В столь совершенном, симметричном мире, кажется, не может найтись места чуду. Но именно чудо, как солнце, освещает этот мир и, собственно говоря, держит его хотя бы в относительно живом состоянии.
Вы только послушайте, с какой мрачной витальностью Ходоровский описывает типа «Вирус»:
«Пресвятая Богоматерь, излечи этого ребенка. Он всегда ходит по воздуху, совсем не хочет касаться земли. Он парит внутри дома, как воздушный шар, что не очень-то удобно для гостей, ведь в любой момент может помочиться им на шляпу или испачкать одежду чем-нибудь похуже. Он творит дурацкие чудеса… Вчера он вернул к жизни жареного цыпленка. Без перьев и головы тот до сих пор бегает по дому… Сделай его нормальным, обожаемая Дева, чтобы он не вернул зрение всем развратникам! Те, кто были слепы, теперь с выпученными новообретенными глазами прилипают вечером к моему окну, когда я снимаю нижние юбки».

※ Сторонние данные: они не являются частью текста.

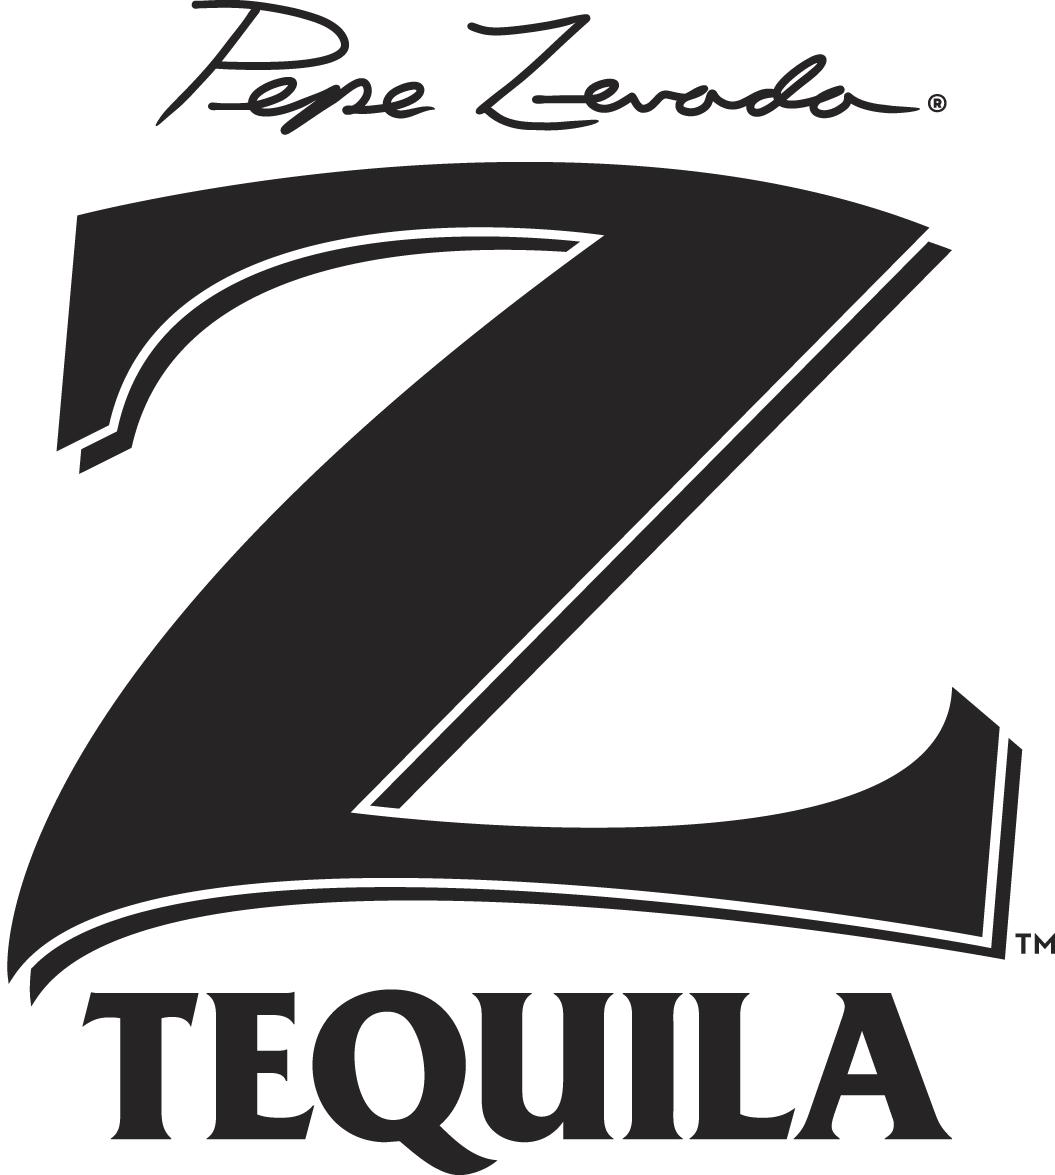 Z_Tequila_logo_Black_042512.png
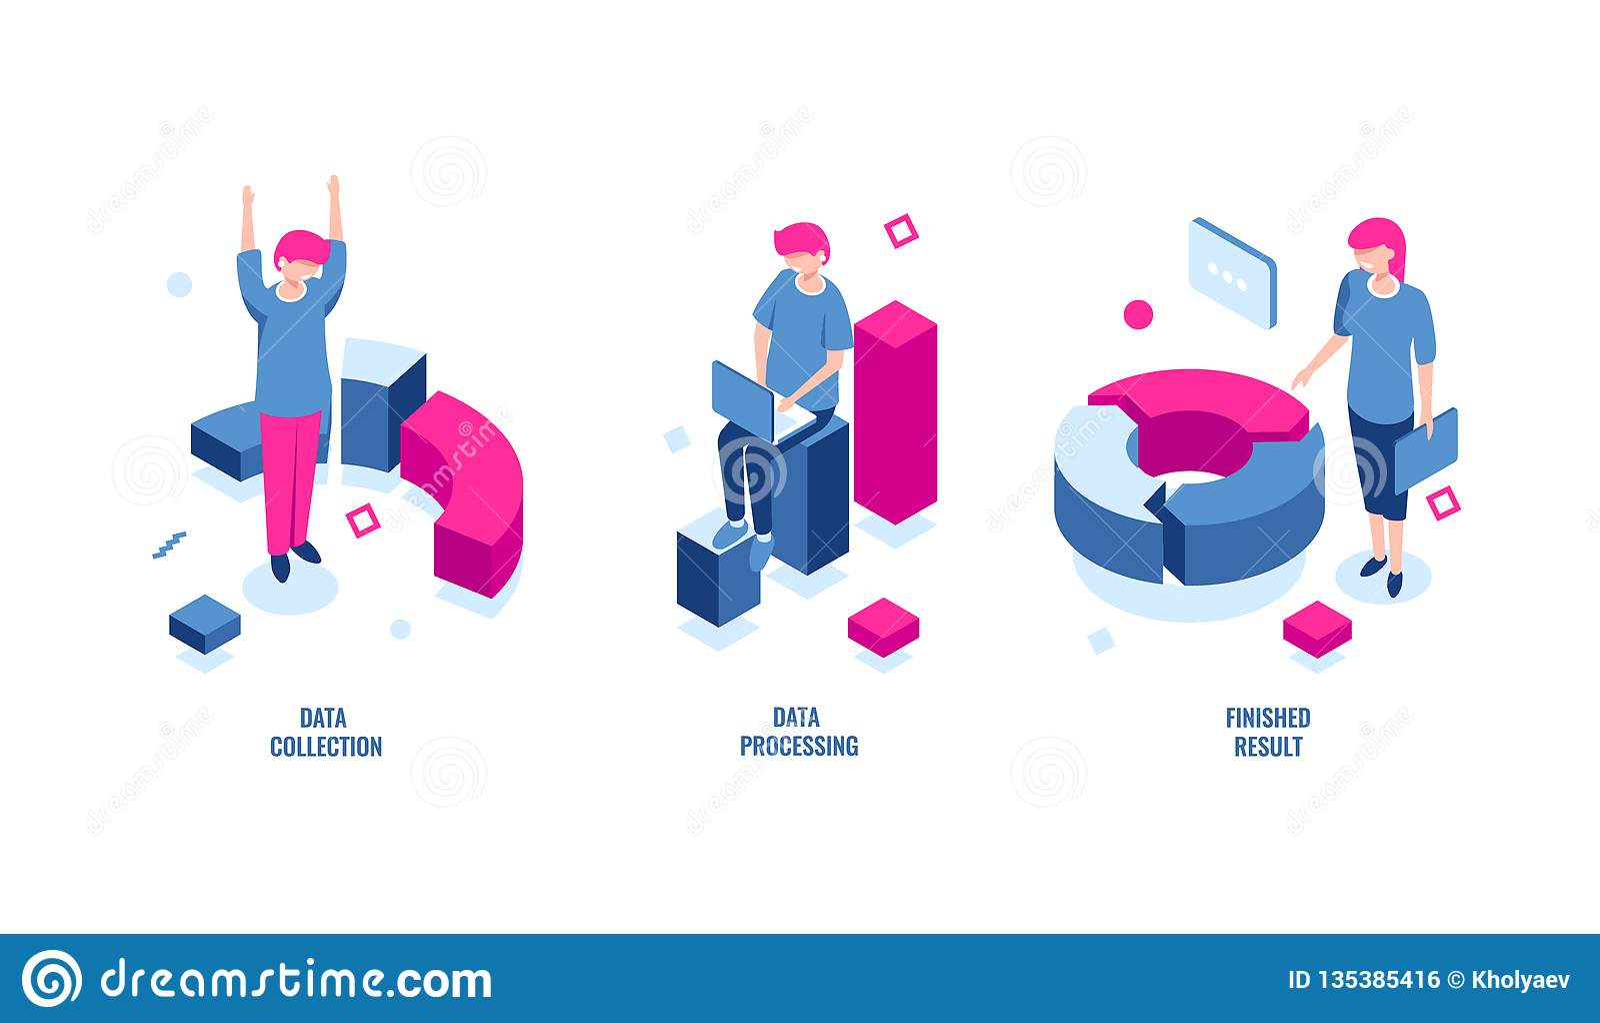 Estatísticas de negócio, levantamento de dados e ícone isométrico de processo de dados, resultado terminado, diagrama de carta, r
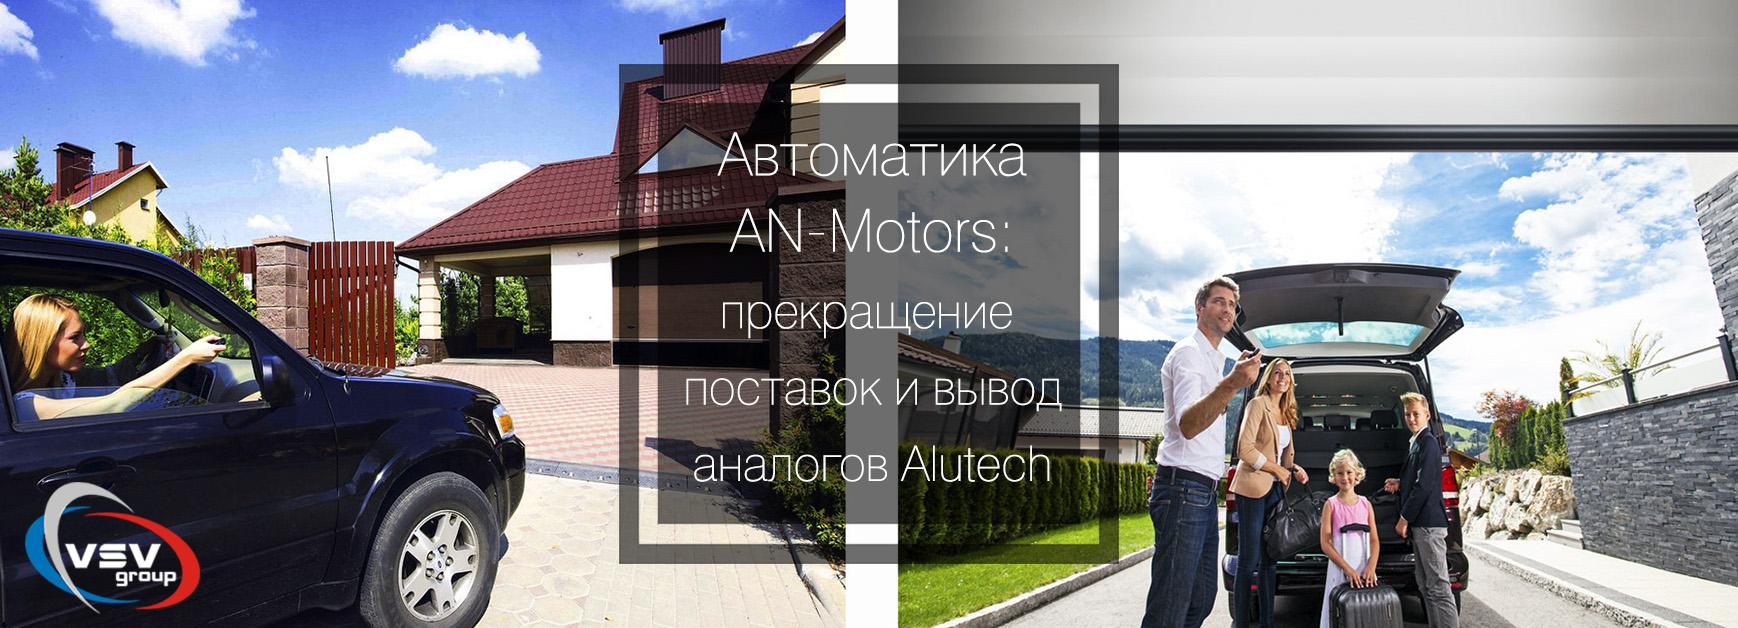 avtomatika-an-motors-1

В хоре этих голосов, то молитв, то исповедей, то отрывков из дневника, то набросков как бы сценариев, нередко просто чудовищных, возникают четыре устойчивых темы: утраченный бог, алчный секс, беспощадная власть и неизбежная смерть.
С богом — понятней всего: «От следствия к следствию Богу удалось наконец создать причину, и та немедленно вырвала из-под него престол».
Так что нечего удивляться, если во время «Второго пришествия» никакого апокалипсиса не разразится и бог сам себя передразнит: «Публика аплодировала, когда он превращал воду в вино и умножал количество хлебов и рыб, ибо верила, что это трюки».
Беспощадная власть беспощадна здесь не по-детски: на параде солдатские сапоги укатывают ребенка в лепешку (лишь бы не нарушить порядка в строю!), а отец после скатает родную лепешку в рулон, сгорая от стыда перед согражданами за олуха-сына (миниатюра «Гусиный шаг»).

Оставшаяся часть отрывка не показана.